- **TASK DESCRIPTION**
Your output should be everything below from the line containing "Apple Barfi recipe" down to the line containing "Mark II Advanced Boundary Corp. Battle Suit", both ends included, copied exactly, with pictures left out.

- **DATA FOR ANALYSIS**

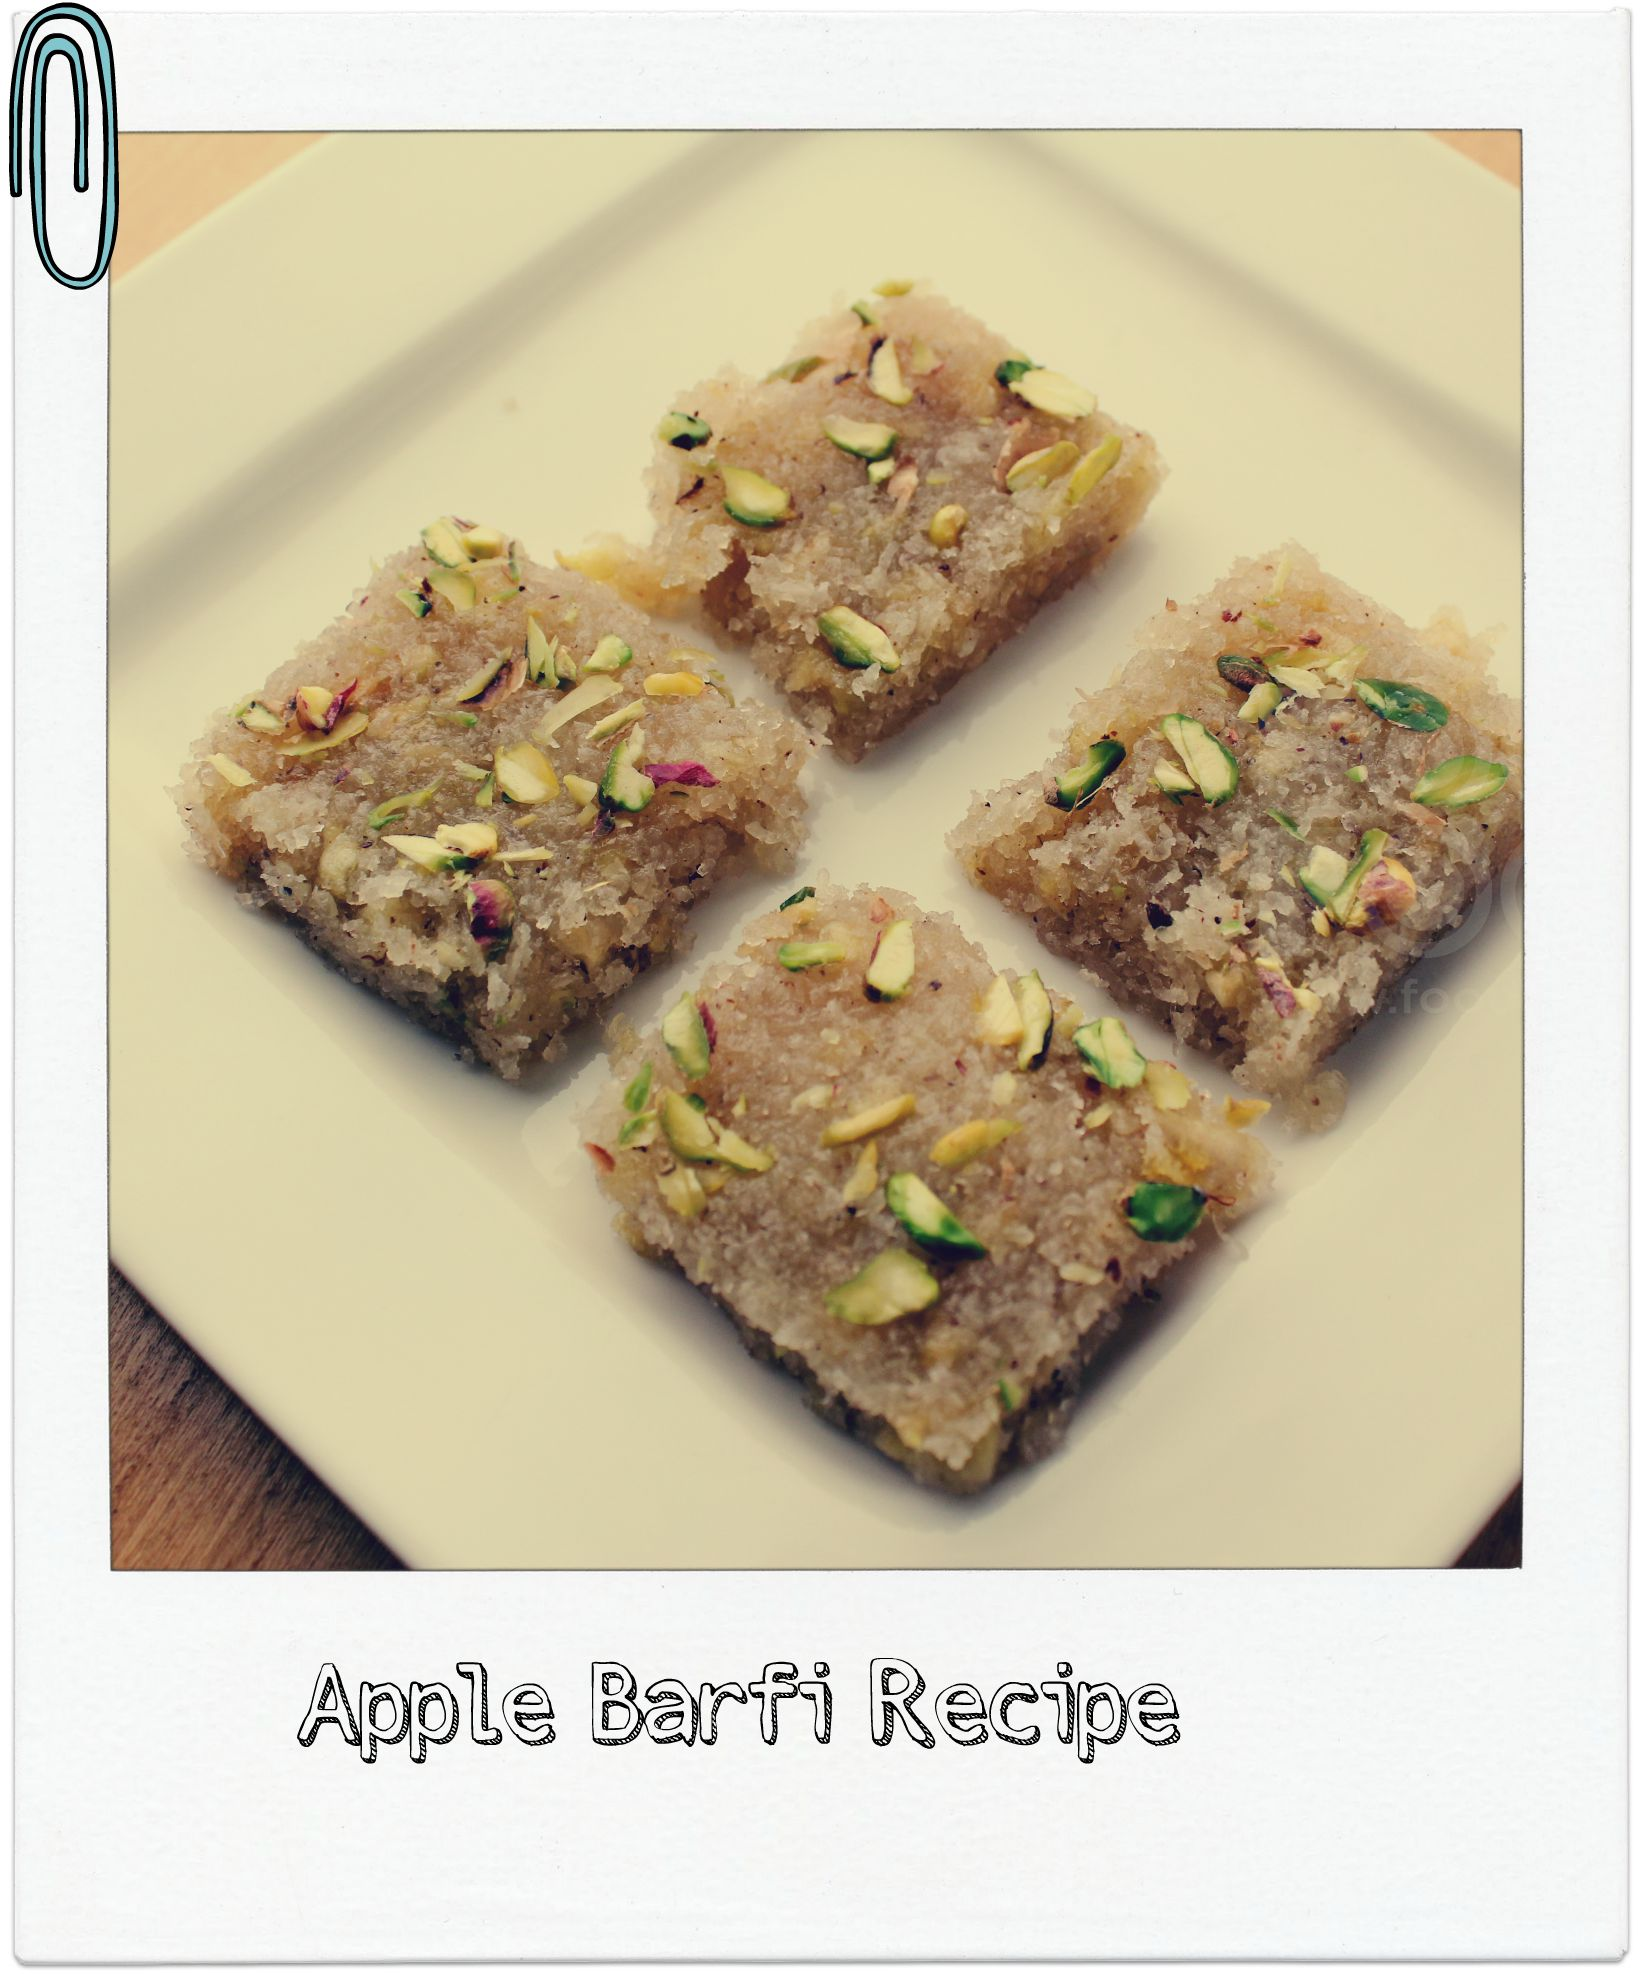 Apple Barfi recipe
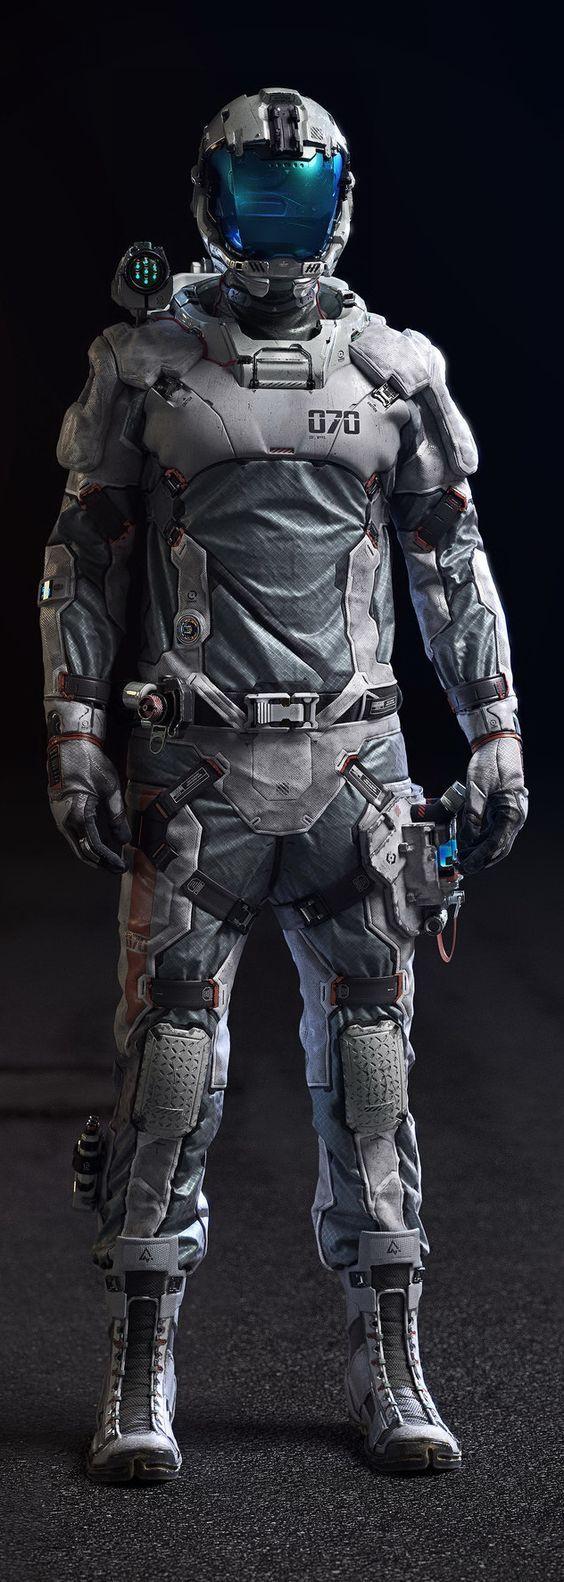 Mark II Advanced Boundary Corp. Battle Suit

...

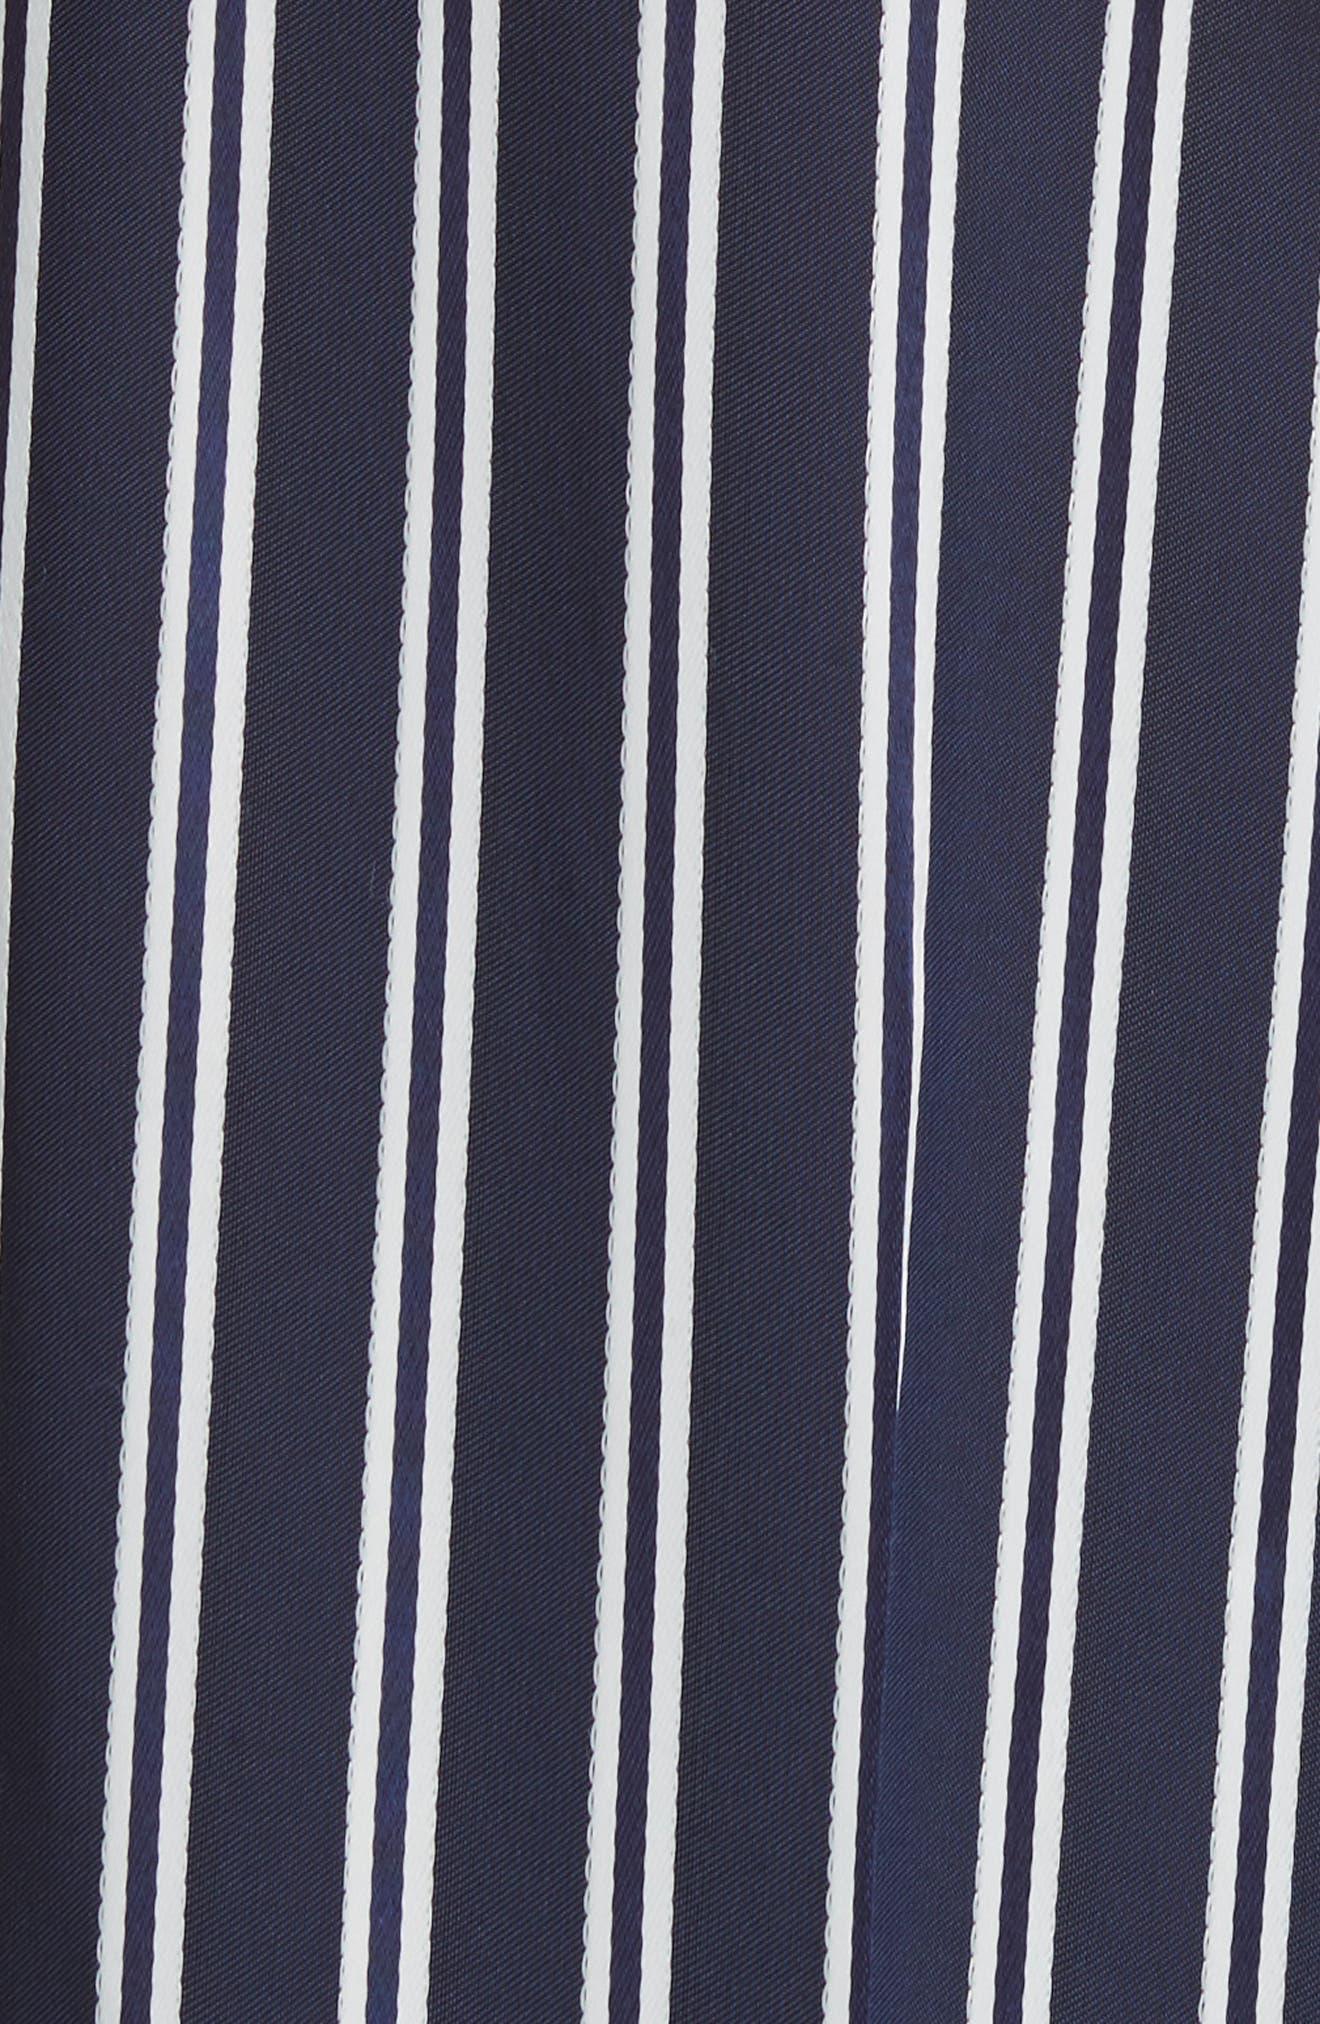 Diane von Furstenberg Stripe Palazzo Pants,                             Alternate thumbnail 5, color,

- **RESPONSE**
 Apple Barfi recipe
 Mark II Advanced Boundary Corp. Battle Suit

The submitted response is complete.